By Jack Molisani | STC Fellow
When Andrea Ames approached me to write an article on the impact of professional development on career advancement, my first thought was to update my research on which tools and technologies are most requested in content-related job postings (Molisani 2015). But Saul Carliner and Yuan Chen did such a great job presenting the results of the technical communication census (2018), I decided to forgo tools and focus on what “soft skills” content professionals need to advance their careers.
To gather data, I posted the following survey question on content-related groups on Facebook and LinkedIn: what soft skills do content professionals need to be successful?
I received a wide range of answers, so I searched for commonalities in the responses and grouped similar answers together. For example, we grouped the following answers under the common heading “Workplace Negotiation Skills”:
- Conflict resolution
- Finding common ground
- Managing project scope
Granted, each of the above is a skill unto itself, but we did our best to look for the commonalities in the survey answers.
There were almost 100 different answers (even with grouping), but some answers were more common than most. Here are the top ten:
- Workplace negotiation skills
- Listening skills
- Relationship to management
I have to admit I didn’t expect to see some of the answers (patience, self-awareness), but most people might expect to see the top four: negotiation, listening, empathy, and leadership.
It is interesting to note how closely related those last four skills are: you must have listening end empathy skills to be a good negotiator, be a good negotiator to be a good leader, etc.
While many of the above skills cannot be taught in an article (for example, empathy, curiosity), the top answer (negotiation skills) certainly can.

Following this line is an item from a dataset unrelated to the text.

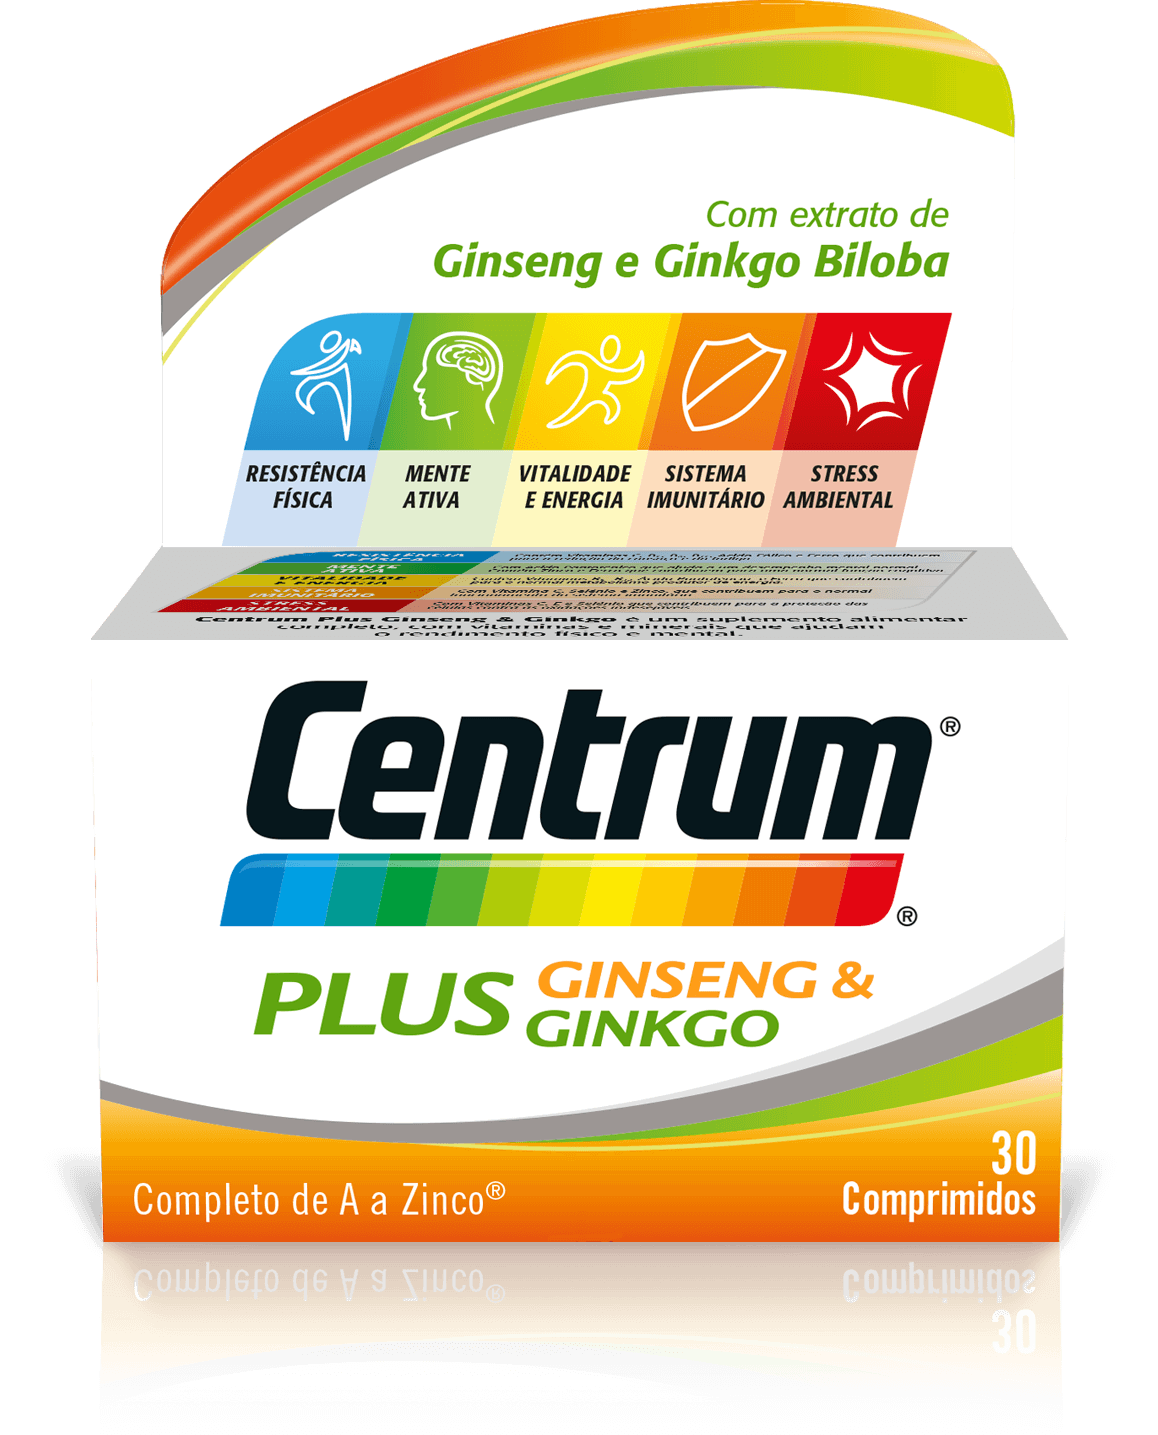 CENTRUM PLUS GINSENG GINKGO 30 COMPRIMIDOS

Let’s look at what negotiation is and how you can use it to advance your content career.
What Is Negotiation?
For many people, the term “negotiating” brings to mind unpleasant haggling with a used car salesperson. But negotiating isn’t something you do just when buying a large-ticket item like a washing machine or a car. Deciding what features will be documented given the time on hand, getting your kids to clean their rooms before playing video games, even deciding what movie to watch on date night—all of these involve negotiating in one form or another.
Common definitions of “negotiating” include:
- To attempt to come to an agreement on something through discussion and compromise (Dictionary.com).

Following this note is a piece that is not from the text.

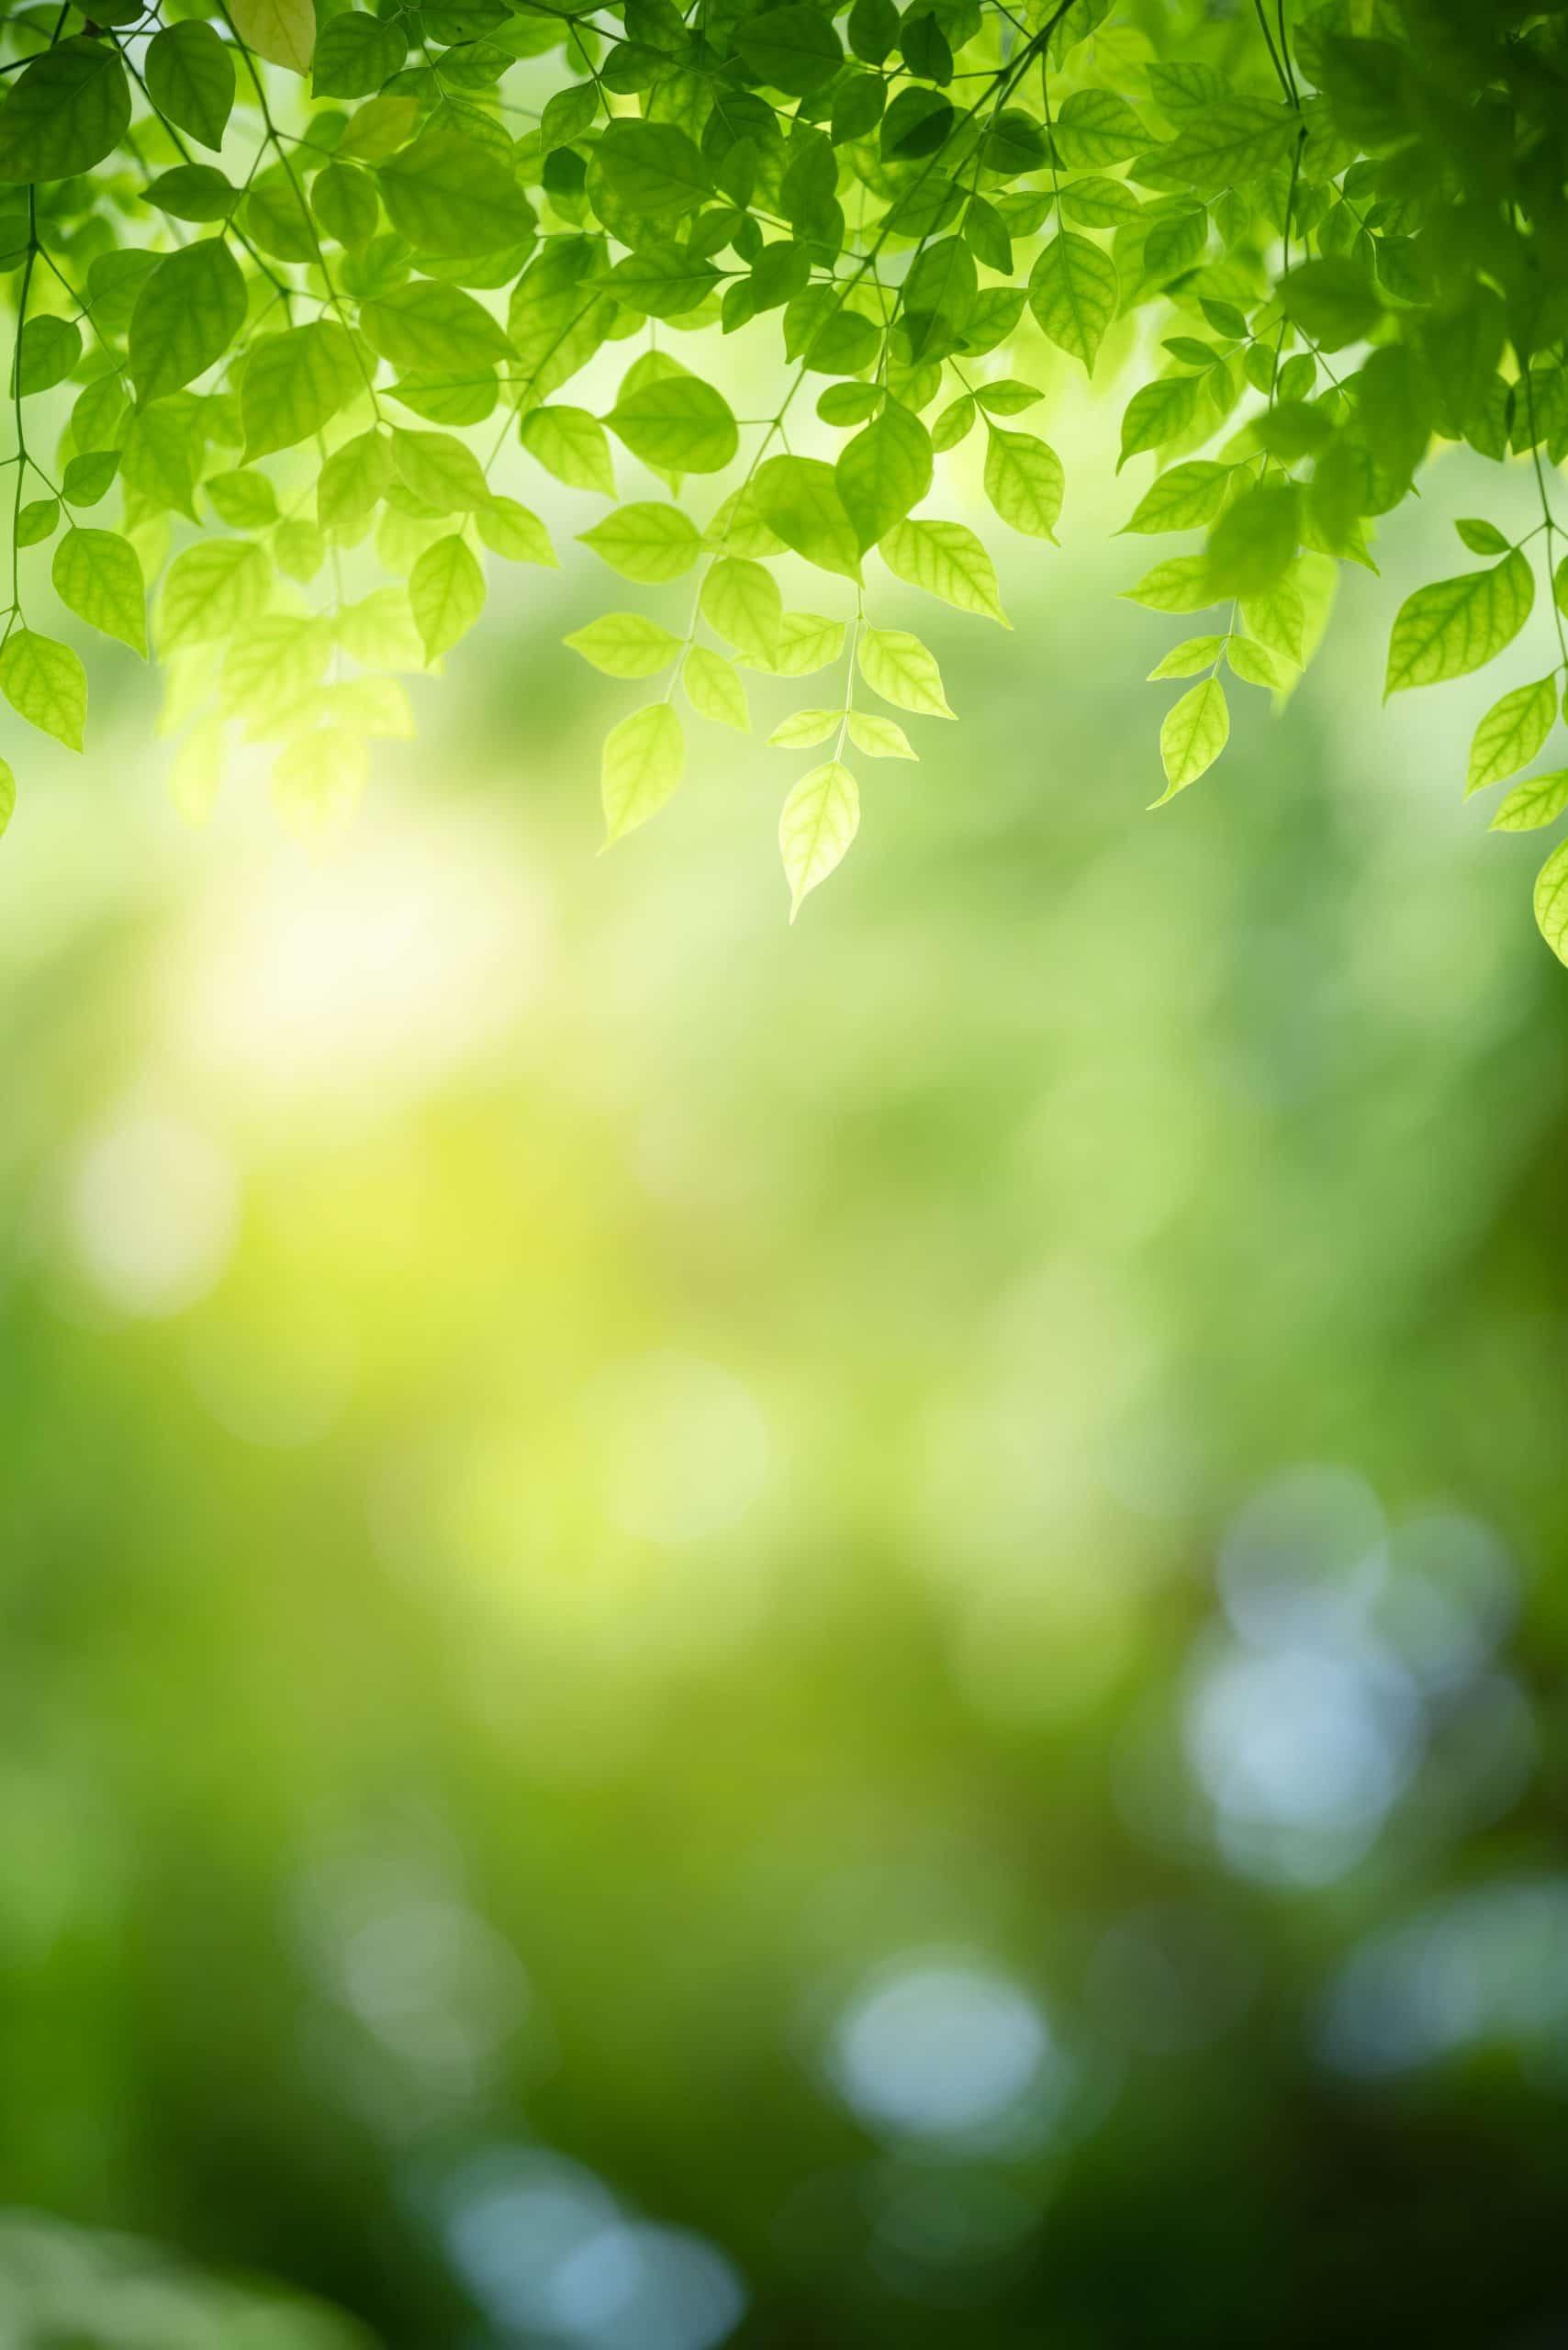 Lys i bøgeblade fobibehandling.dk behandling af edderkopfobi (araknofobi)

- The process of achieving agreement through discussion (Wiktionary.com).
- Conferring, discussing, or bargaining to reach agreement (Webster’s Dictionary).
Note that all three definitions include “agreement.” More on this in a bit.

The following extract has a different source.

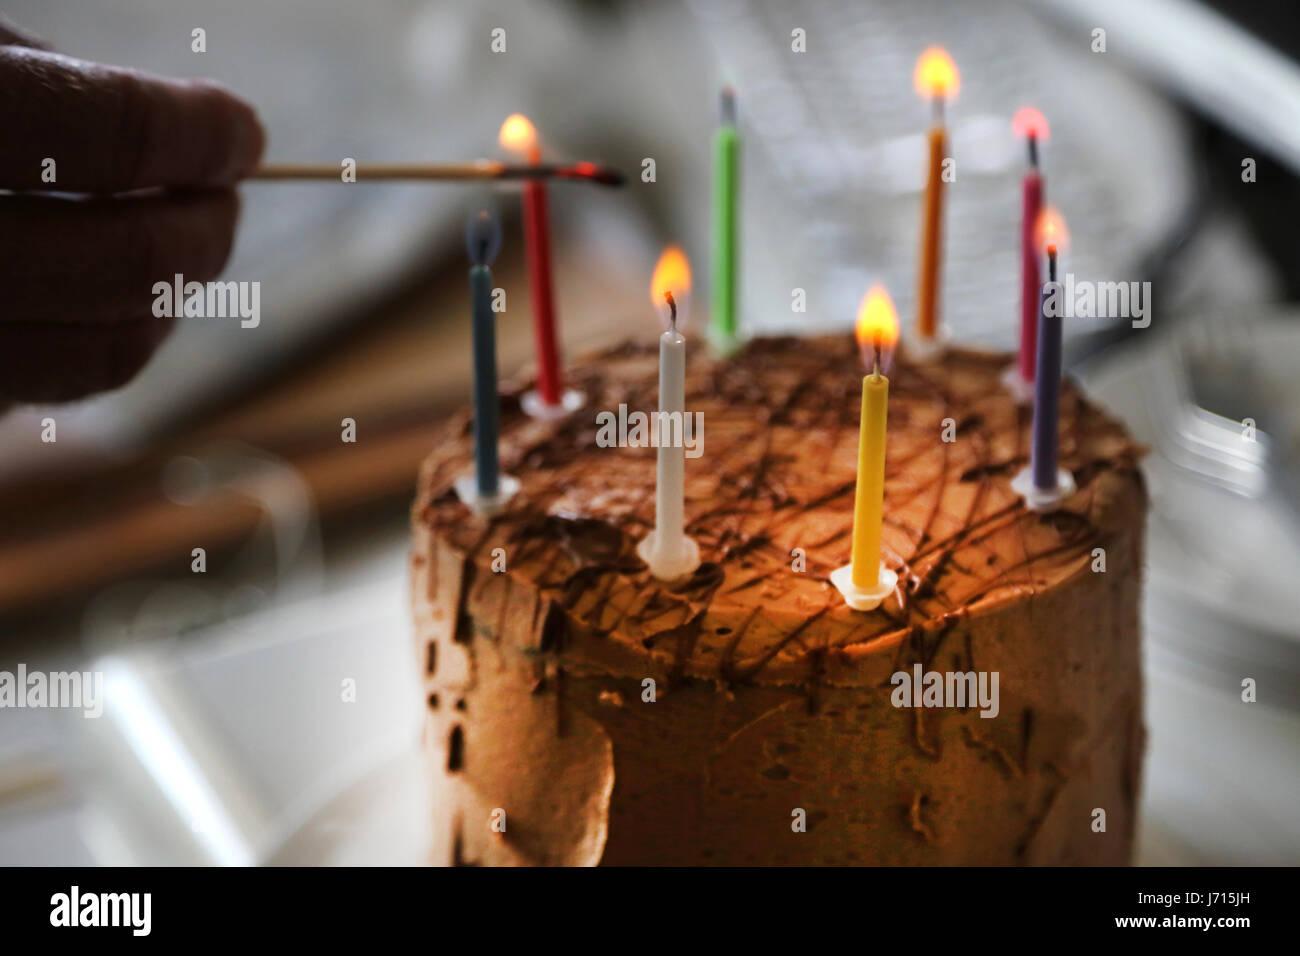 Lighting candles on chocolate birthday cake - Stock Image

Next, let’s look at the derivation: Latin negotiatus, past participle of negotiari, “carry on business, do business.” So negotiation is just part and parcel of doing business! Interesting, huh?
A Better Definition
After 35 years of conducting workplace negotiations (first as a Systems Acquisition Officer in the Space Division of USAF, then as a staff and contract technical writer, and finally as the owner of my own business), I find the above definitions lacking—they just don’t capture the true spirit and goal of negotiation. So I created my own definition:
Negotiation is the art of giving up as little as possible of what you have in order to get what you want.
For what would you (a staff or contract content professional) be negotiating?
- Your compensation
- Project scope
- Project deadlines
- Comp time
- Authoring tools
What do you regularly give up in order to get what you want in the workplace? Most often it is your free time (deadlines!), money, or job security (if there is such a thing anymore). So negotiation really is the art of giving up as little as possible of what you have in order to get what you want.
Let’s look at where to start.
One negotiates to reach a common agreement. I believe all negotiations have to be either win-win or lose-lose to be considered successful. For example:
A sale: the buyer gets a product (or service) they wanted at a price they can afford, and the seller make a reasonable profit.
A war: both factions split the territory in dispute. Neither side is happy, but it’s certainly better than wholesale killing.
Win-lose is not “negotiating.” When one side forces their terms on the other, there is no common agreement, no meeting in the middle. The other party may accept the offer because they have to, but they sure aren’t going to like it, and they certainly are not going to give 100% if they feel they have been cheated.
What do you think a vendor will do if he sold his service for less than what he considers a fair price?
What do you think an employee will do if she accepts a salary that is much lower than what she thinks is fair?
Let’s look at some best practices for conducting negotiations.
Before You Begin
Before starting any negotiation, do your homework. Decide before you begin what you would like to achieve. Decide what is a nice-to-have, what is a must-have, and at what point will you walk away from the negotiation if you are just not getting what you want.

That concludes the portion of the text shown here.